WHAT DO YOU TAKE ME FOR?

Dessert Lady looks up from her chocolate ice cream and says, “Aii, me I thought she had a man.” I’m tempted to say, Well, there is no man, can we move on? Anyway, Beer Lady says, “Aki social media is so deceptive. Here I was thinking that the chick is balling, kumbe we are all struggling in this town?” (At least she didn’t say ‘the struggle is real’. I hate that phrase). Beer Drinker holds her chin and exclaims, “Ngai!” Upon which Dessert Lady looks at me and says, “Biko you are too quiet. You better not write about this, by the way! I shoot back contemptuously: “Oh please, come on, I can’t! What do you take me for?”

Slow Eater asks a waiter for a hot towel then says “Anyway, I’m only saying this because I mean well and she is my friend and I wouldn’t want to live like her.” (Oh please!) “But I mean, some decisions people make! Imagine she is paying around Sh140,000 in rent and once she has paid she has nothing left after food and diapers.”

“Ati she’s paying how much in rent?” I ask, my interest piqued. They have infected me with udaku.

“Si Sh140,000!” Beer Drinker says. “One two three four... one hundred and forty thousand Kenyan shillings in rent?” I gasp. “Yeah, kwani?” Beer Drinker continues, “Haiya, kwani you think these chicks who drive Polos and Audis and live in leafy suburbs pay how much?” I don’t know any chick who drives a Polo and Audi to start with, at least not young ones. “Sh140,000 in rent? That’s crazy!” I say like a villager who just got off a bus from Kendu Bay. Slow Eater: “It’s massive – three bedrooms with two balconies and pantry and a big kitchen and two parking spots. It’s about image, Biko. You live in the right address, you drive the right car and you go to the right places. There are many chicks like that who have sponsors. But you know what?”

I hate when people ask that, because I have to say, “What?” Sometimes I don’t feel like saying “What?” but I know they won’t continue until I say “What?” So I say “What?” She says, “These sponsors will put you up in apartments they own and give you a car in their name but once the next hot chick shows up you are out. They throw you out.”

LOTS OF WATER!

“So the trick then is to drink lots of water to have nice skin and do lots of squats to keep your ass shapely, ama?” I say, tongue-in-cheek. Beer Drinker says, “Doesn’t matter, Biko. There will always be a prettier, younger girl coming, so you have to know that – that the sell-by date is near.” I act shocked at the coldness of the city, at the superficiality of it all – after all, didn’t I just get off that bus from Kendu?
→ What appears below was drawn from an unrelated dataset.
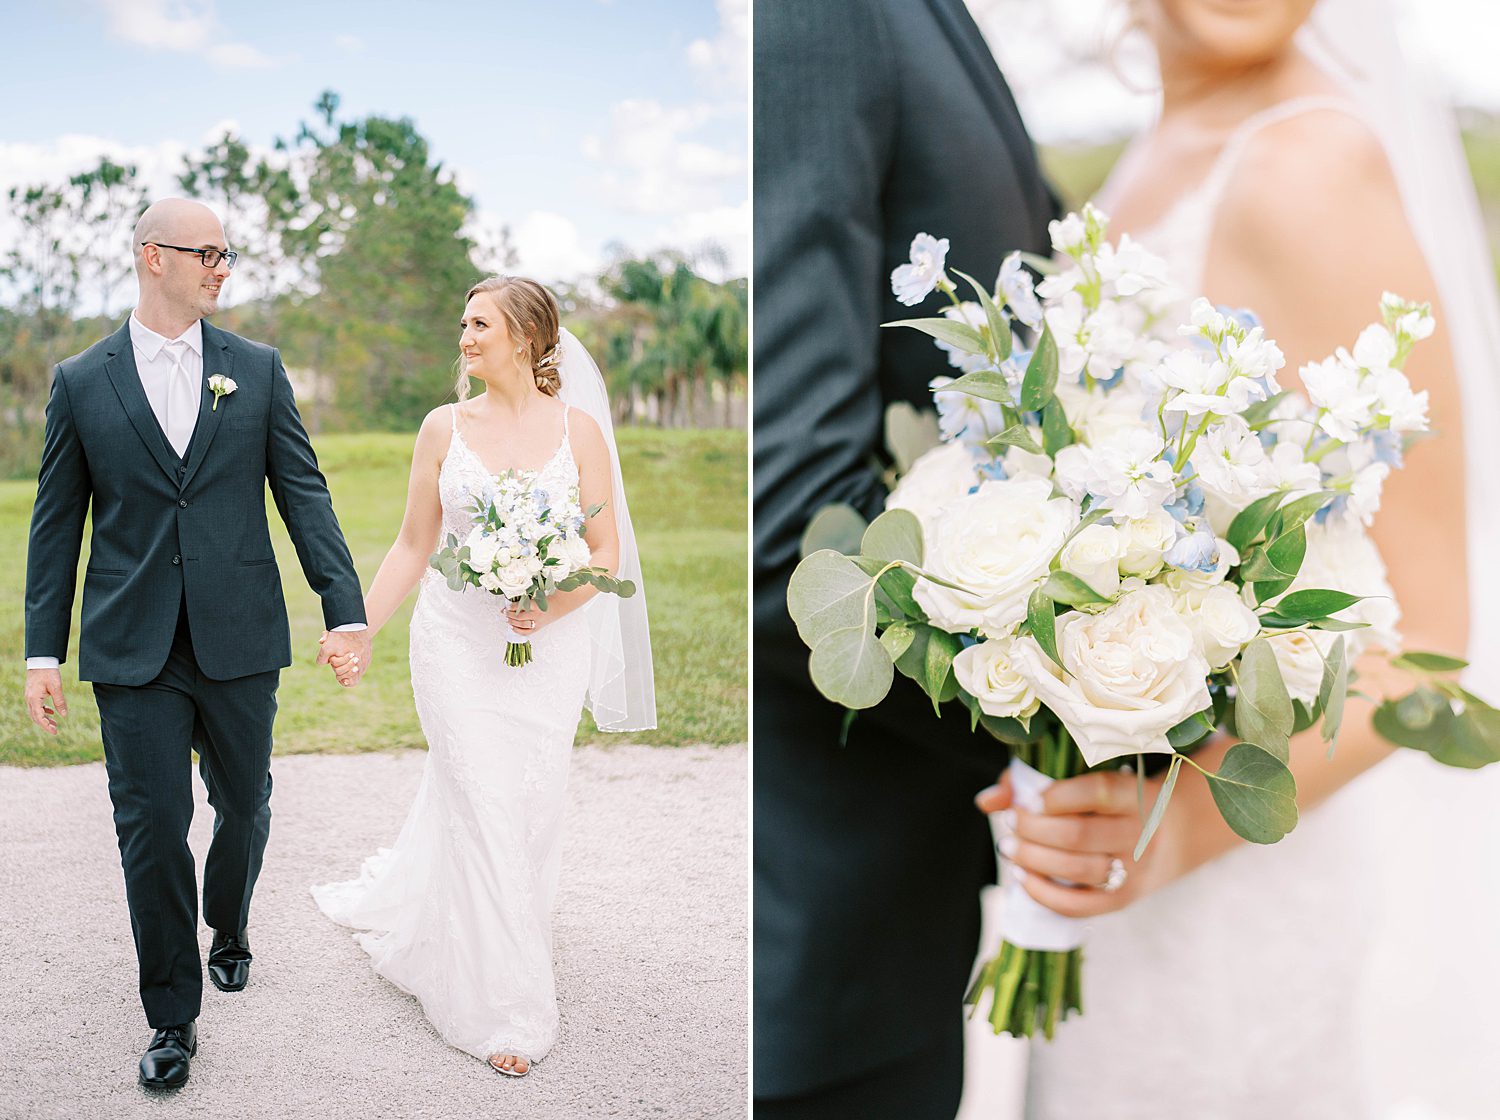 newlyweds hold hands while bride carries bouquet of white flowers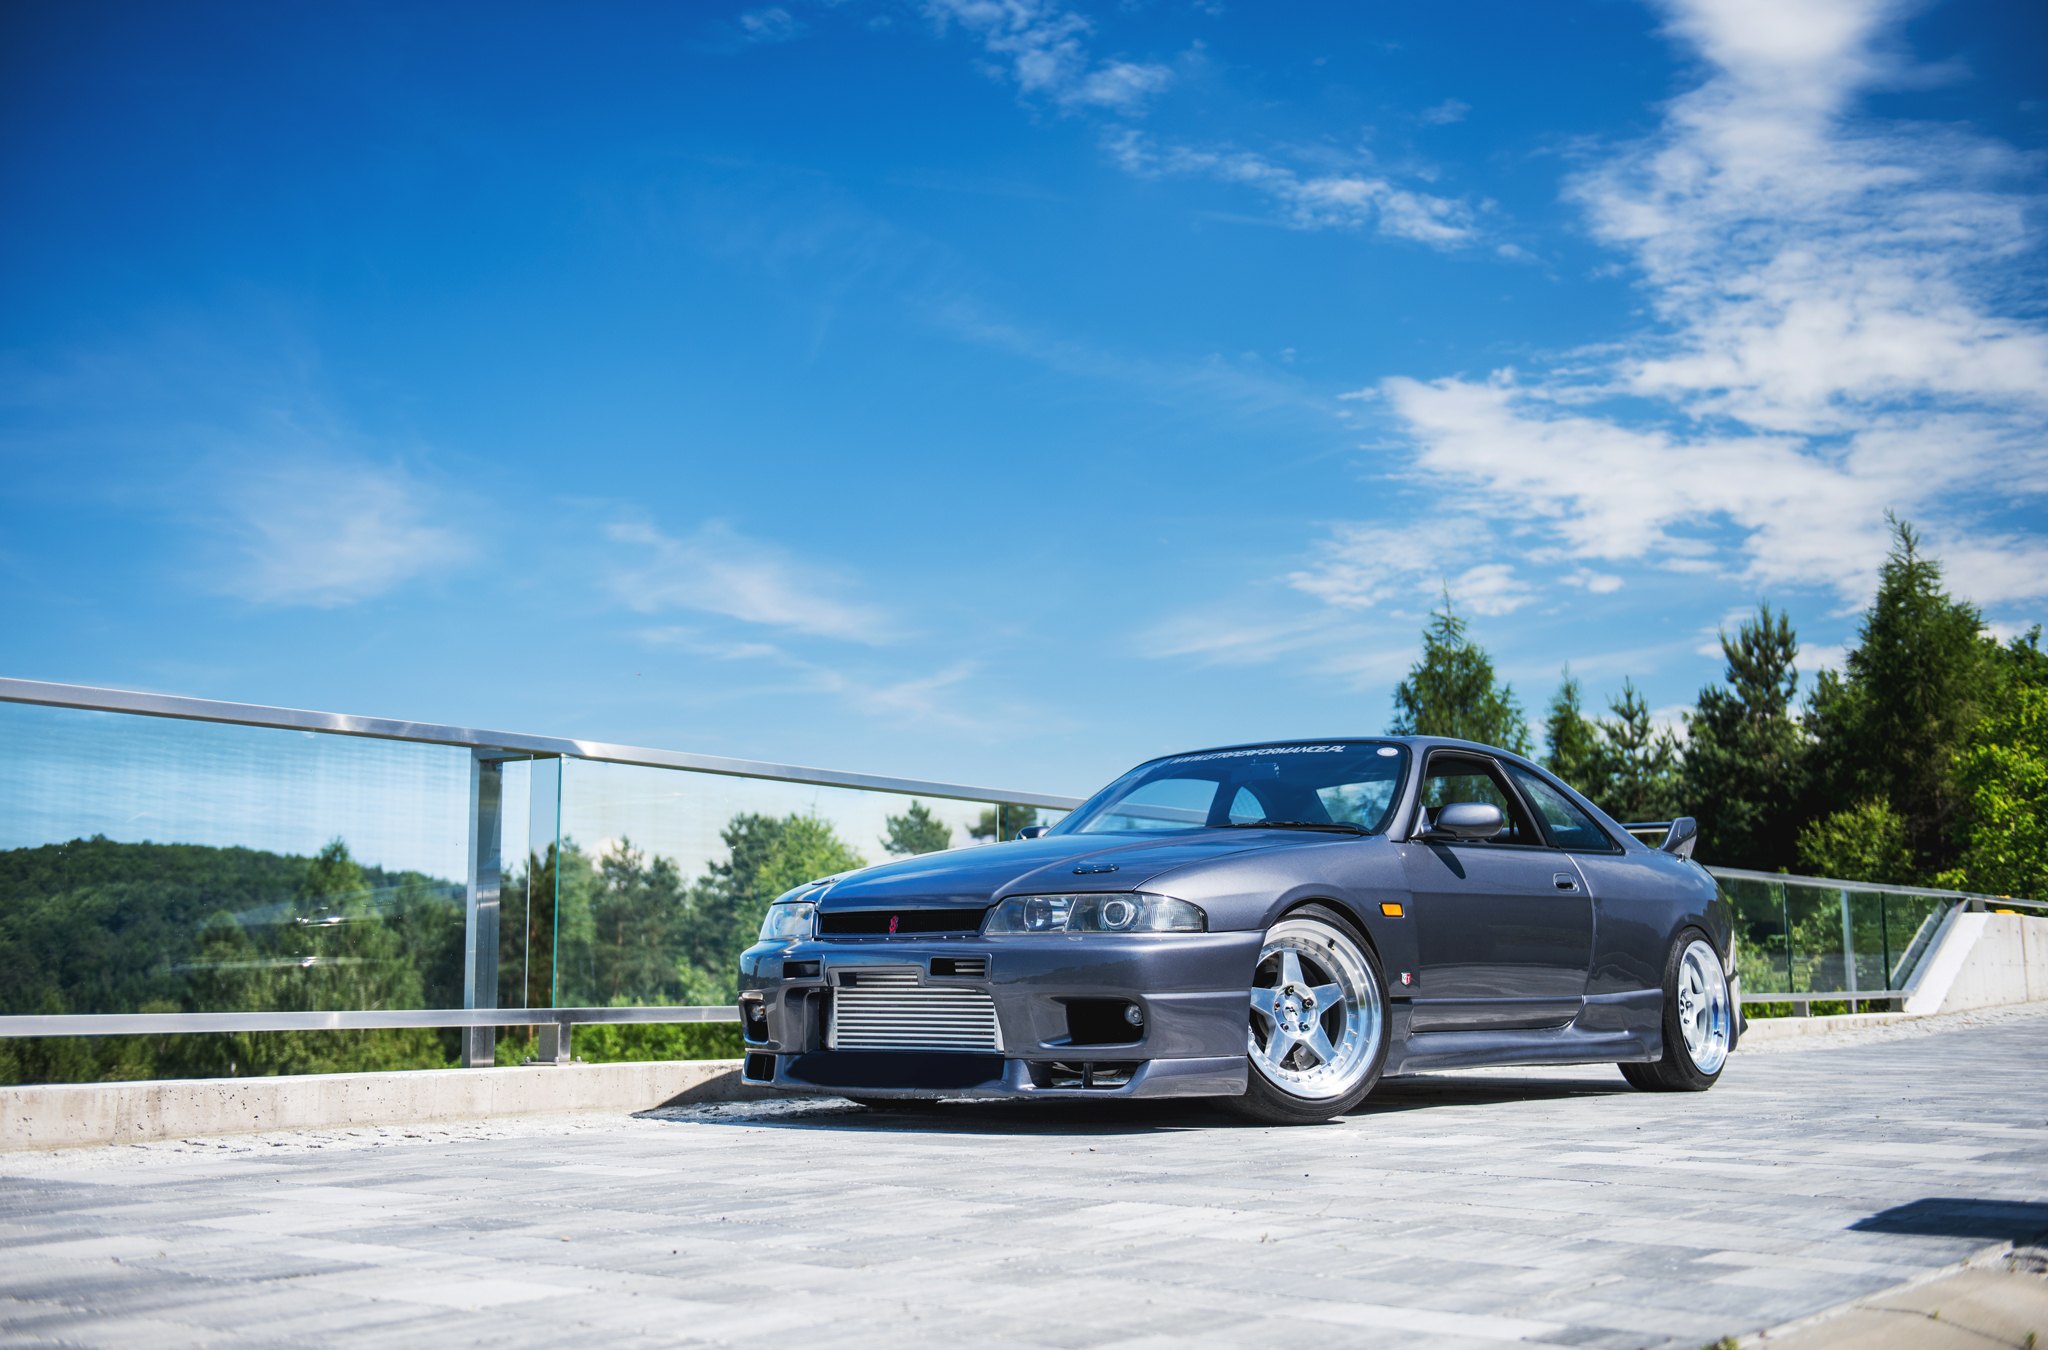 Gray Nissan Skyline with Aftermarket Front Bumper - Photo by JR Wheels

Later I thought how tough it must be to be a lazy woman who depends on men, how precarious it must be knowing that he is there because your ass reminds him of a sacred stone. And that you are expendable when a younger, prettier thing ambles by. Should you contract cholera and lose so much weight that your skin sags from dehydration, he will take off as soon as the next cholera-free girls shows up. That your very economic position is dependent on your body and face and a man’s desire for it. I will never complain about being a man again. When I’m broke and I have bills pending and accountants aren’t taking my calls, I will say, It could be worse. I could be a sponsored woman.